| ABOUT THIS TASK |
With the pictures left out, set down the line containing "cartell Les conferències" and each line after it to the end of the material, exactly as written.

| SOURCE DATA |

◇ ◇ ◇ ◇ ◇ ◇ ◇

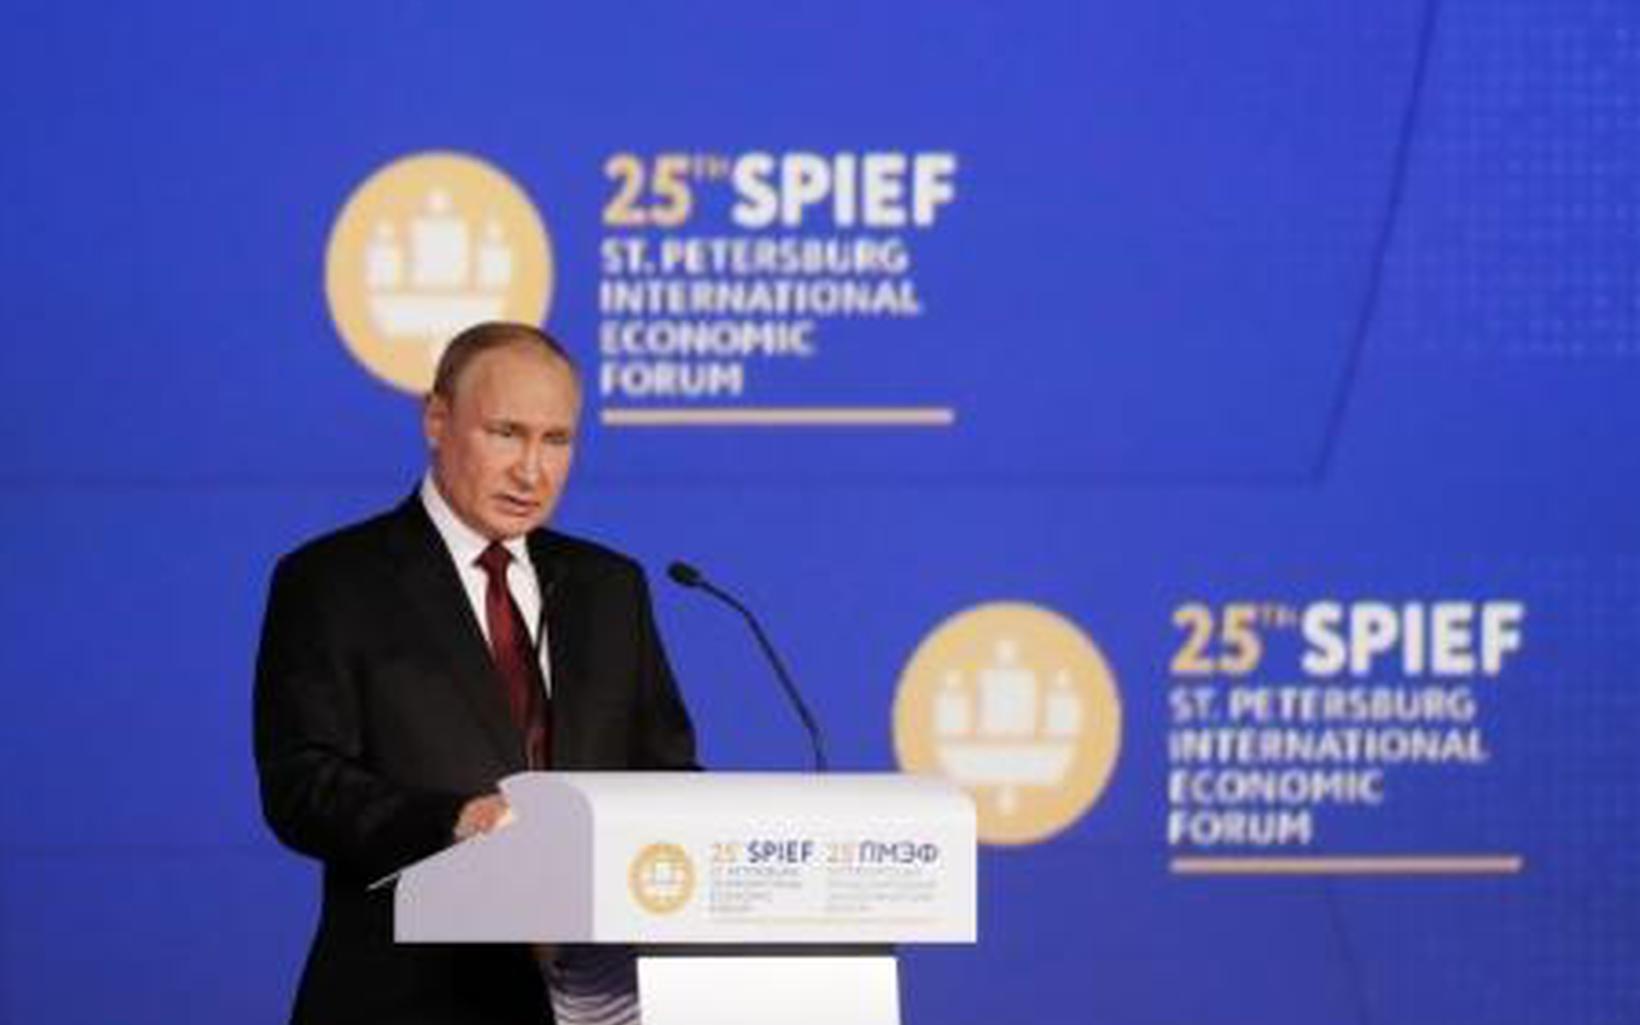 Putin will not attend G20 summit: U.S. media
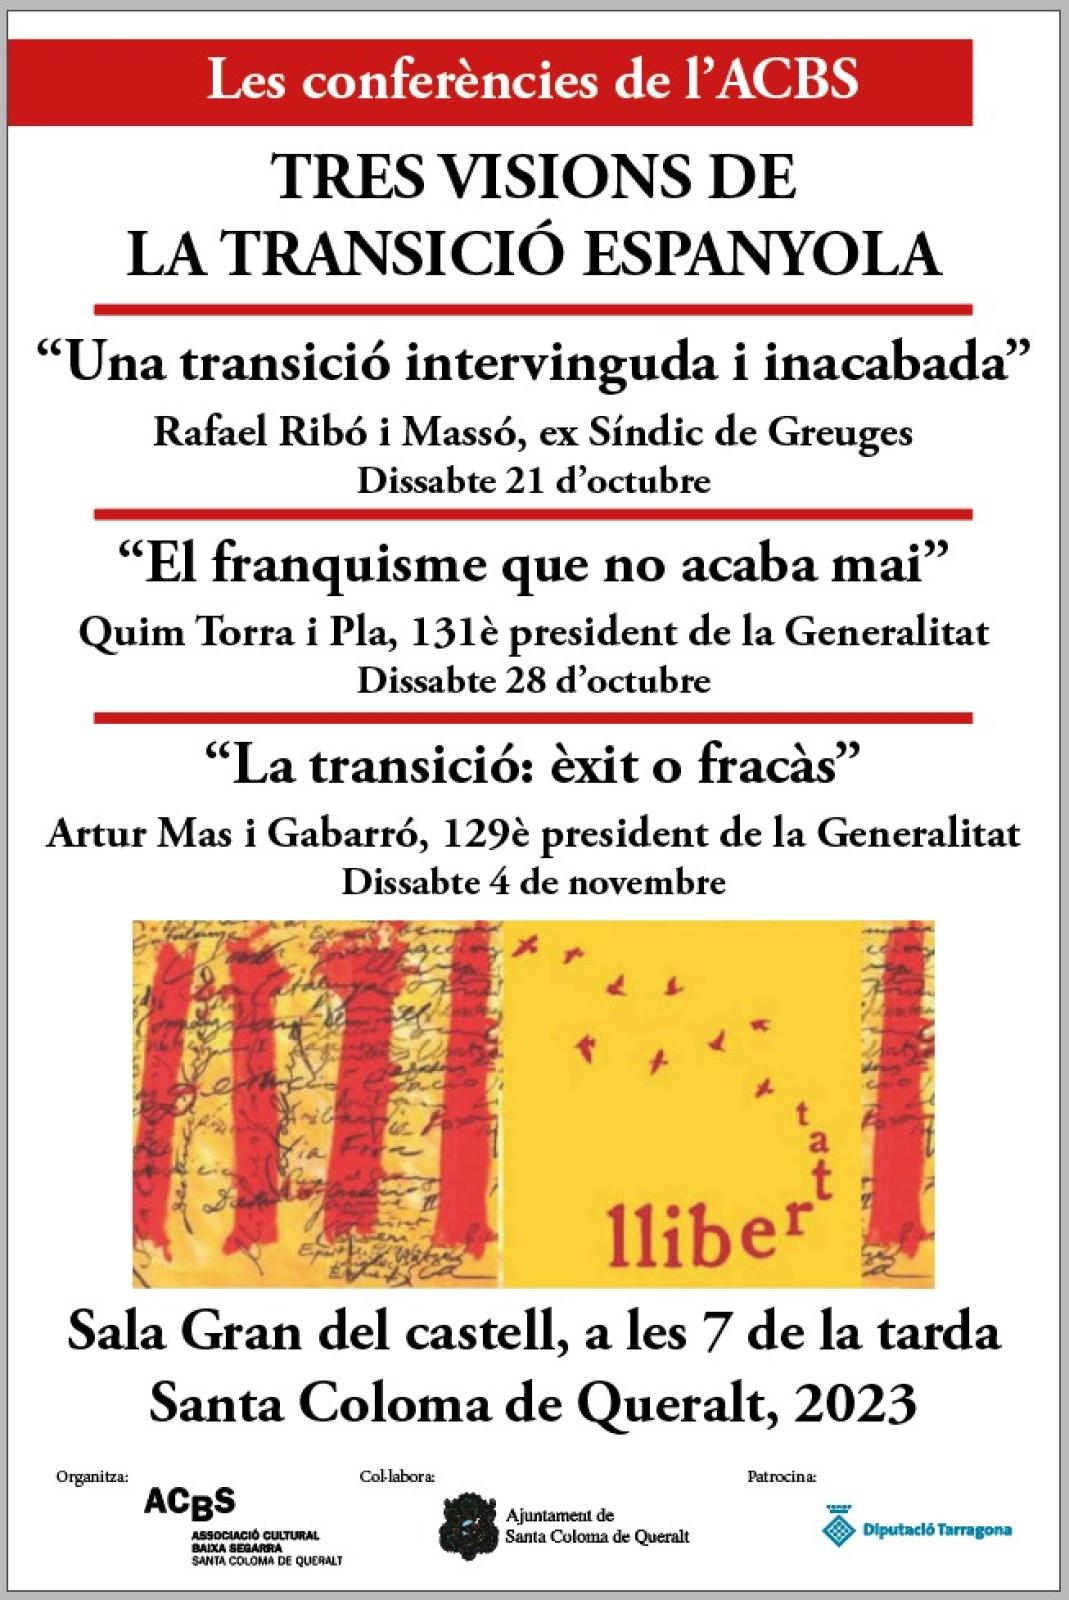 cartell Les conferències de l'ACBS: 'El franquisme que no acaba mai' a càrrec de Quim Torra i Pla, 131è president de la Generalitat
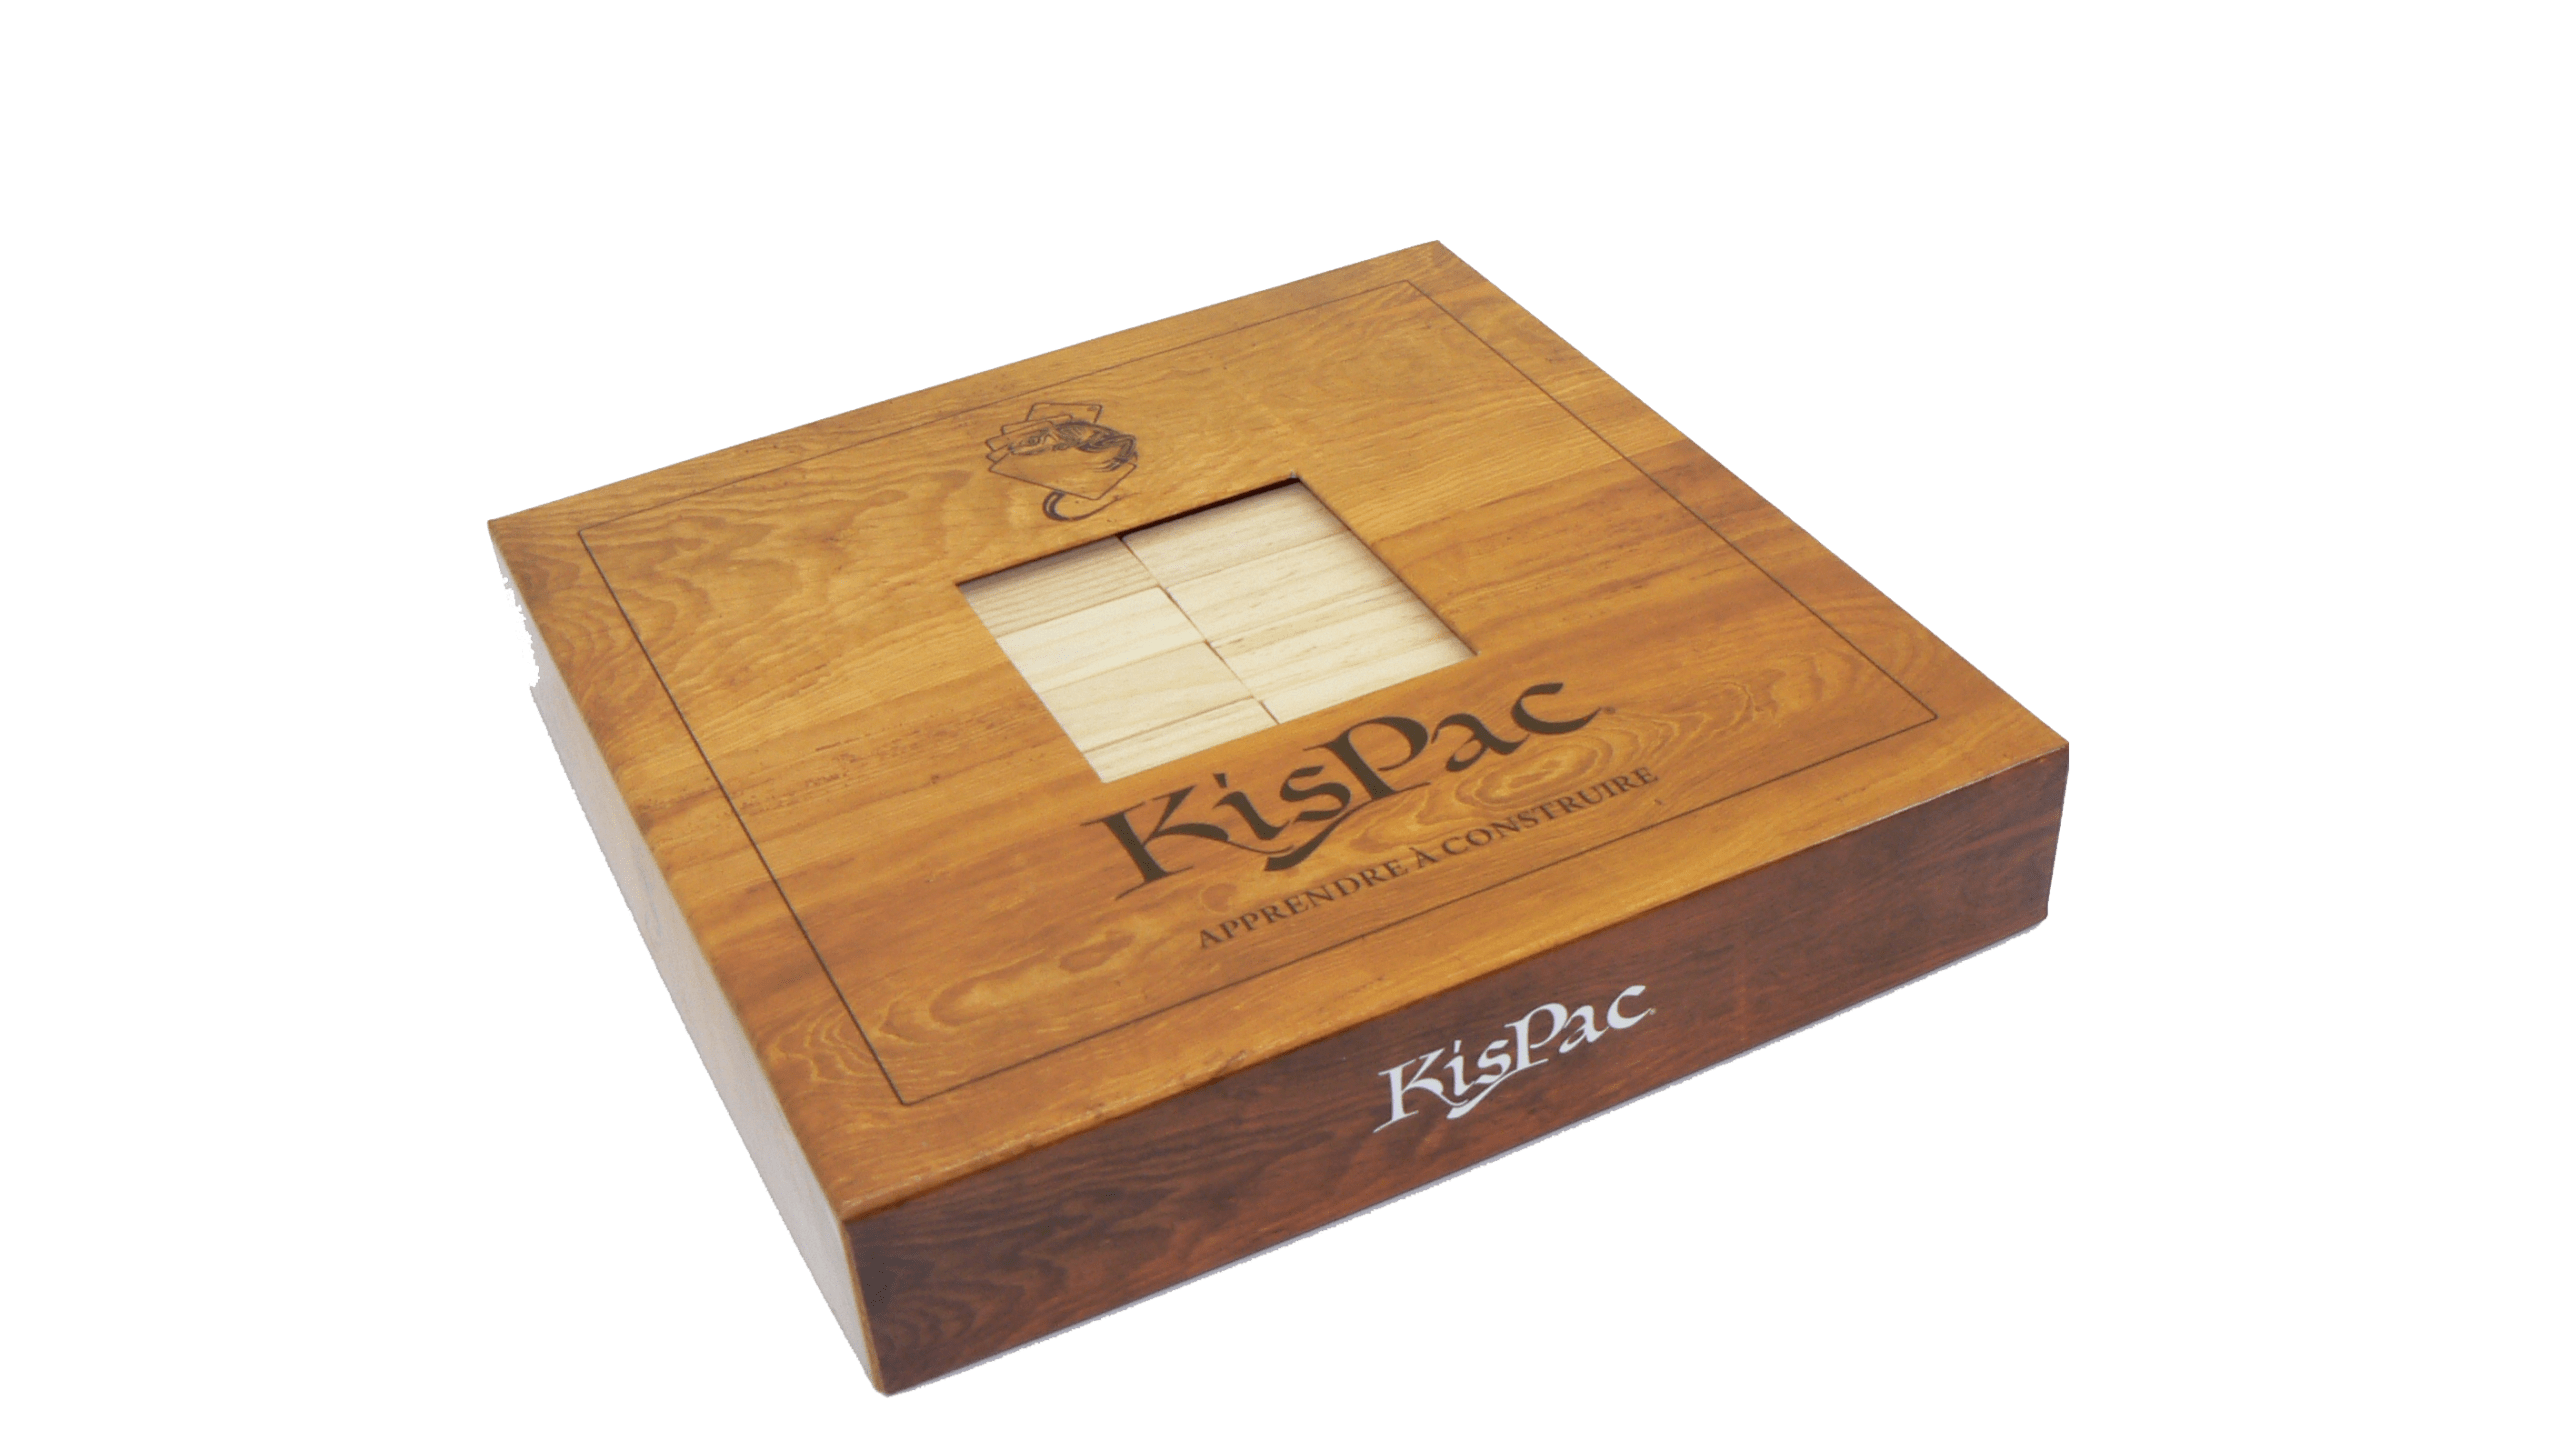 kispac boite naturel kispac planchettes de jeu en bois 200

◇ ◇ ◇ ◇ ◇ ◇ ◇

| WRITTEN RESPONSE |
 cartell Les conferències de l'ACBS: 'El franquisme que no acaba mai' a càrrec de Quim Torra i Pla, 131è president de la Generalitat
 kispac boite naturel kispac planchettes de jeu en bois 200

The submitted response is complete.